TASK OBJECTIVE:
Transcribe the listing verbatim. Do not carry over any pictures.

RECORDED INFORMATION:
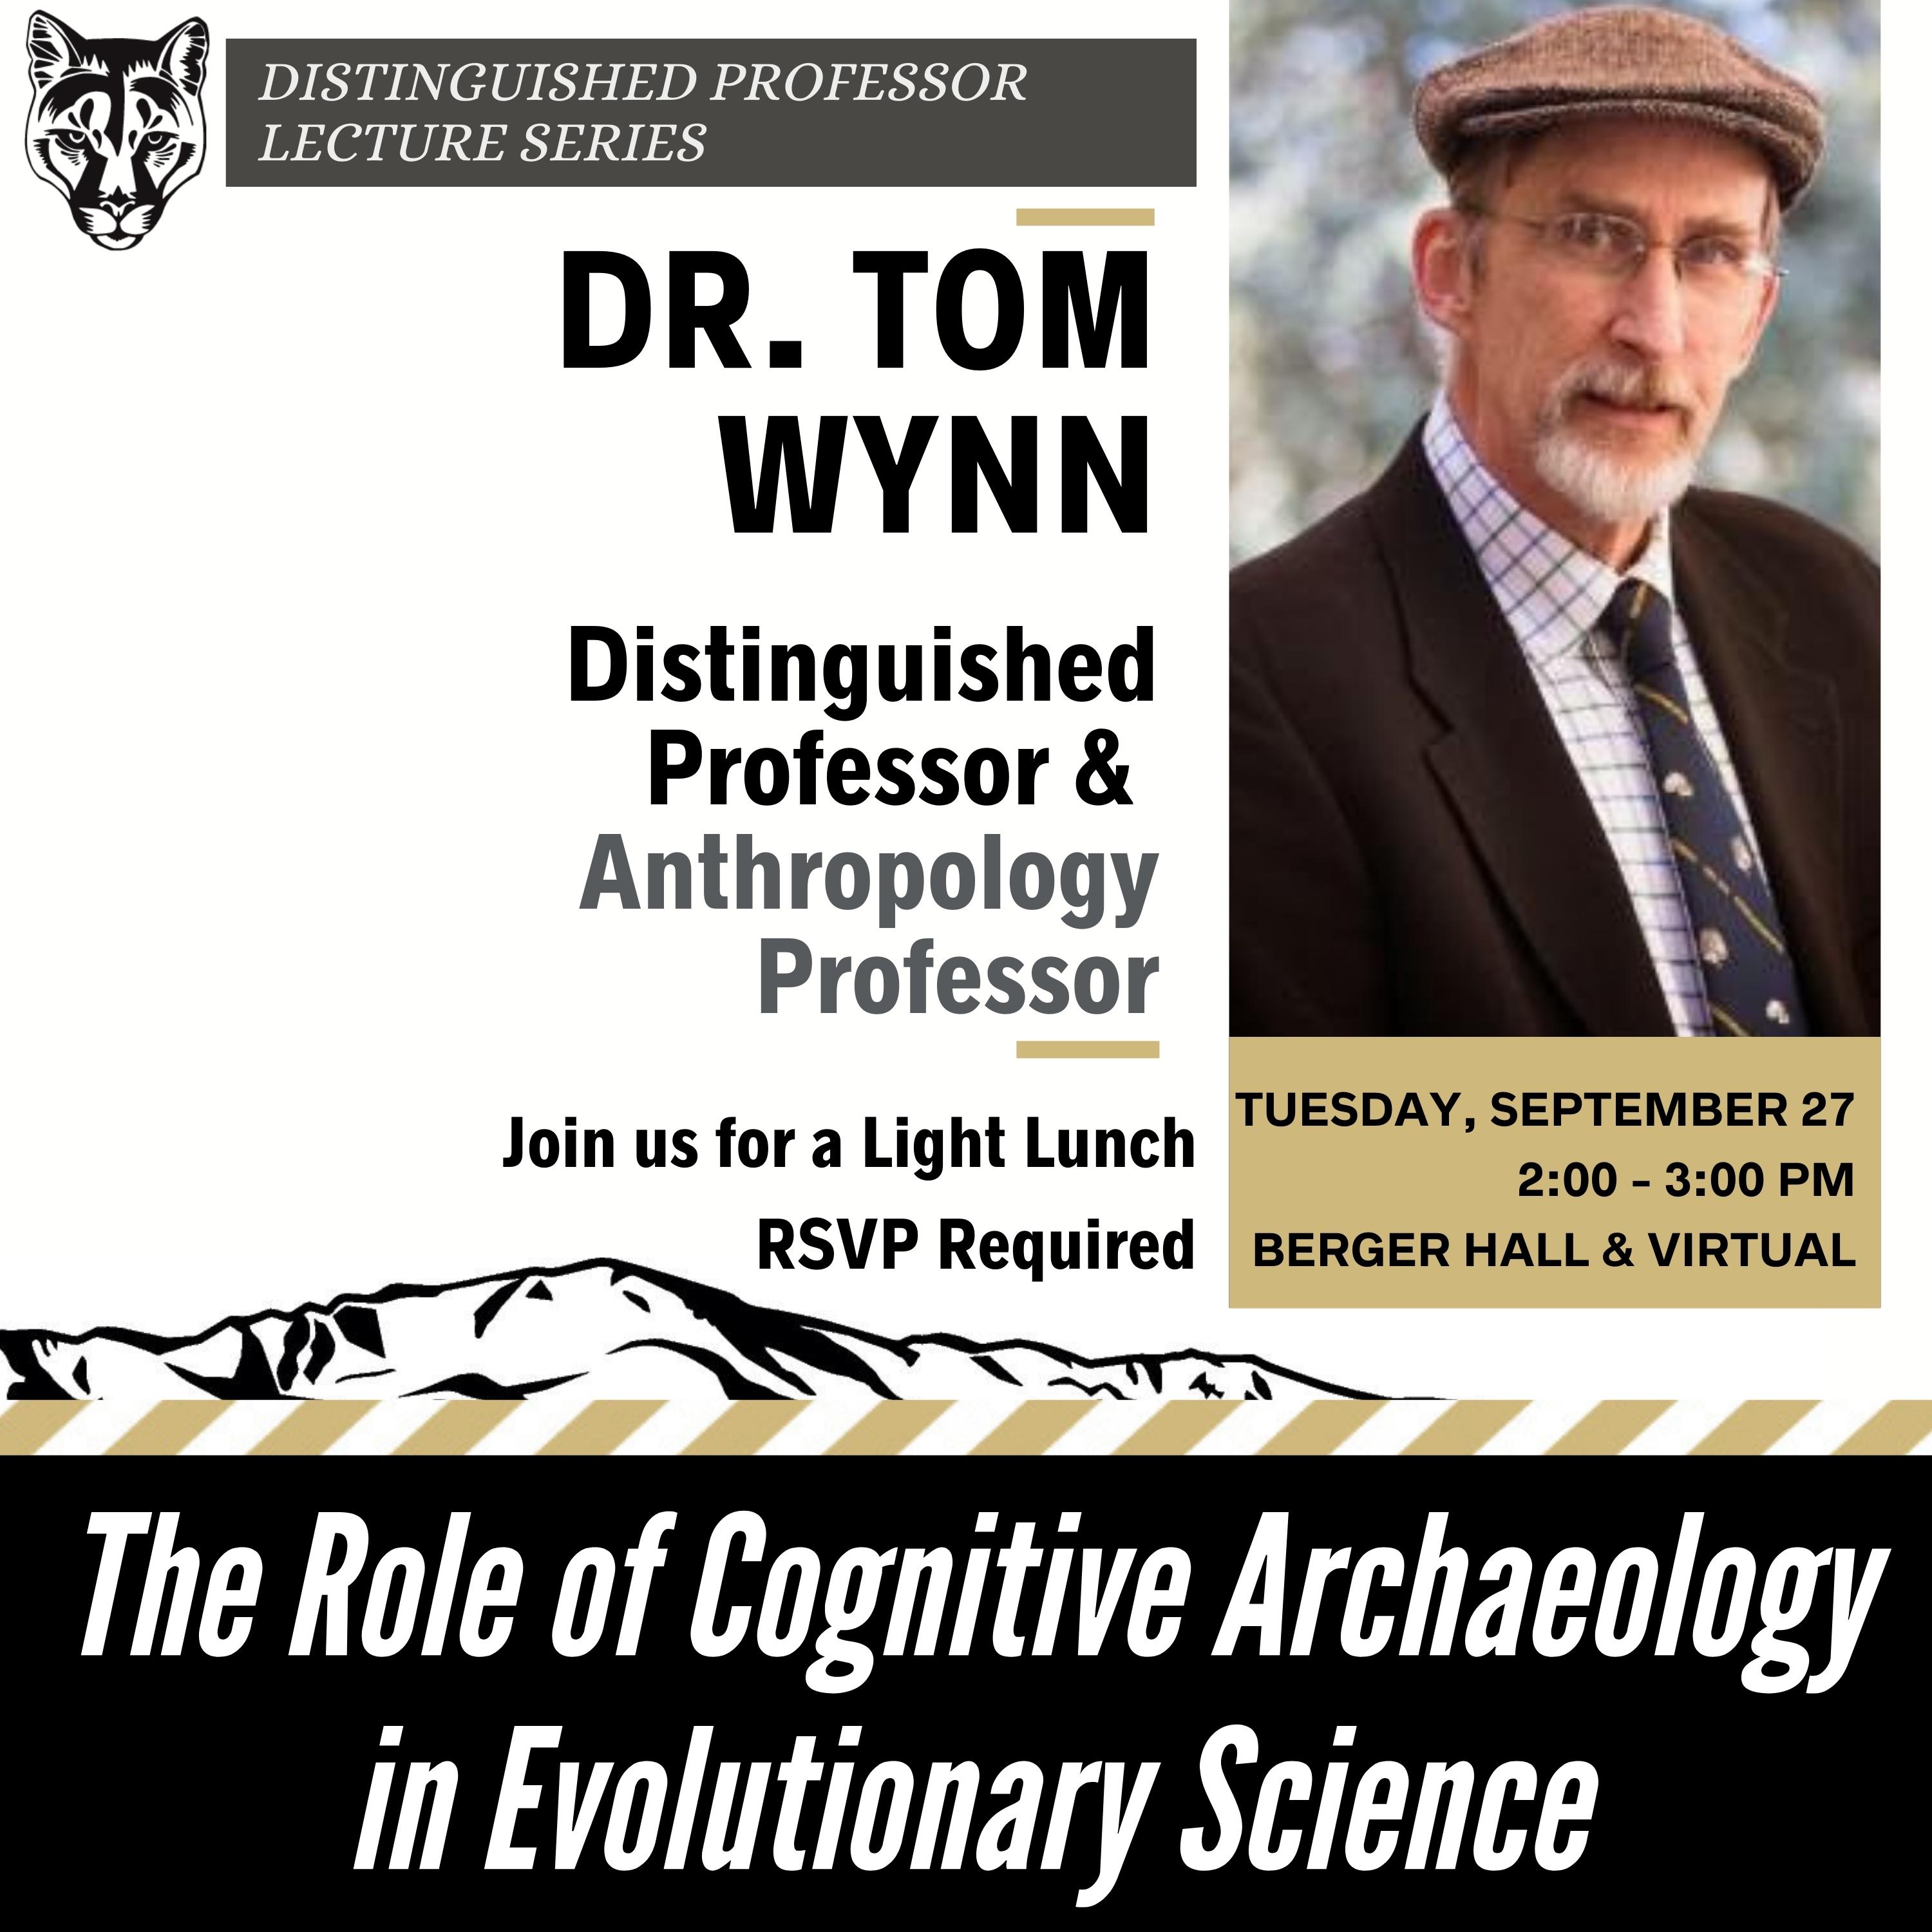 Photo of 2022 Distinguished Professor Lecture Series Thomas Wynn
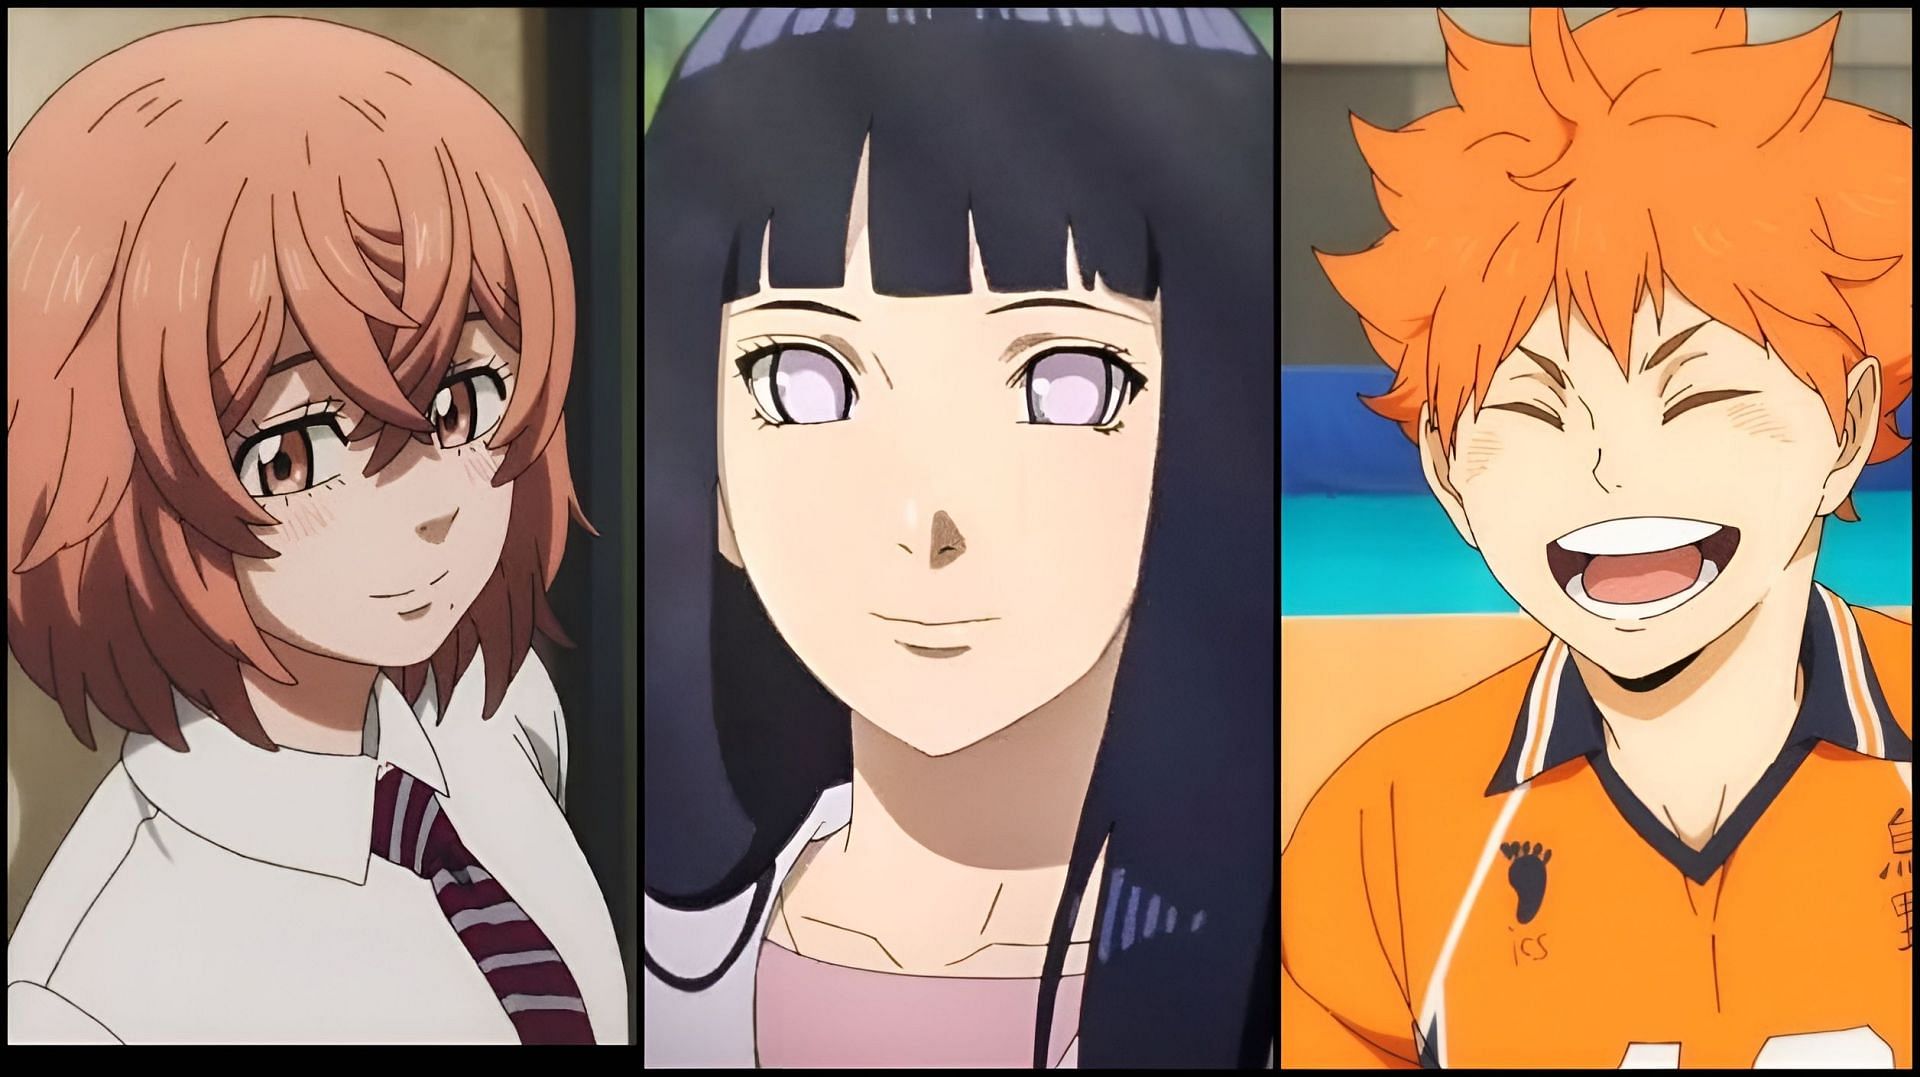 9 anime characters named Hinata, ranked from least to most popular
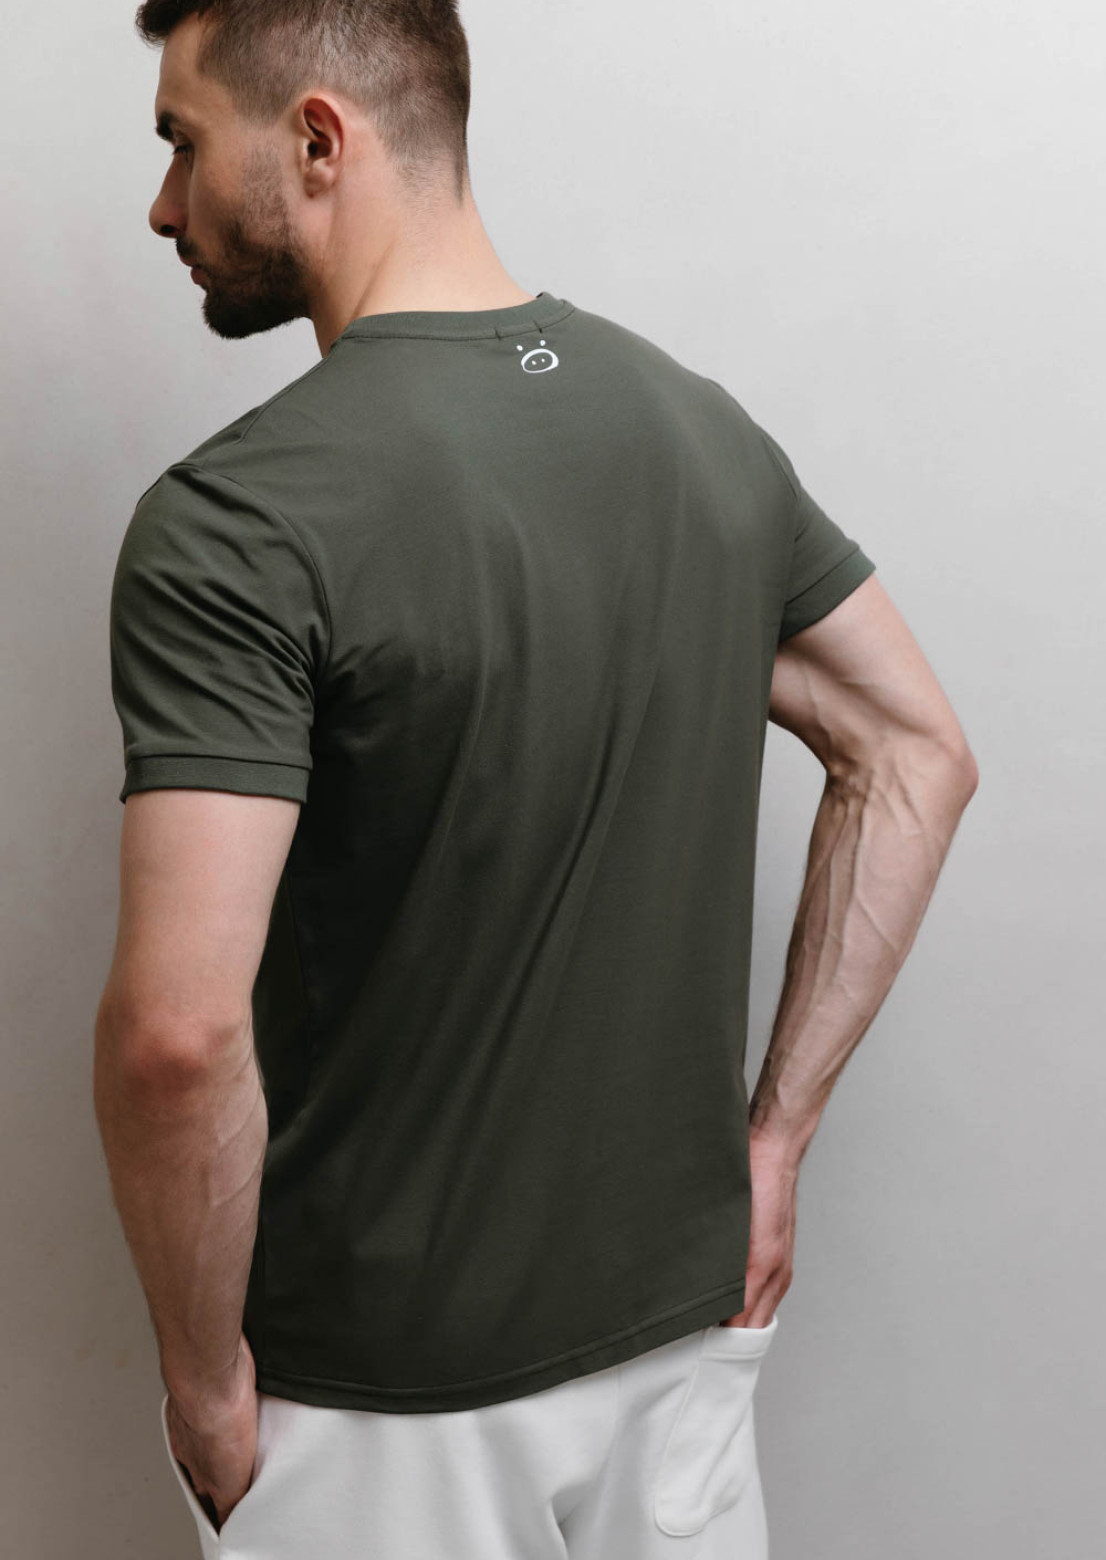 Khaki men's T-shirt with details on the sleeves

RESPONSE AREA:
 Photo of 2022 Distinguished Professor Lecture Series Thomas Wynn
 9 anime characters named Hinata, ranked from least to most popular
 Khaki men's T-shirt with details on the sleeves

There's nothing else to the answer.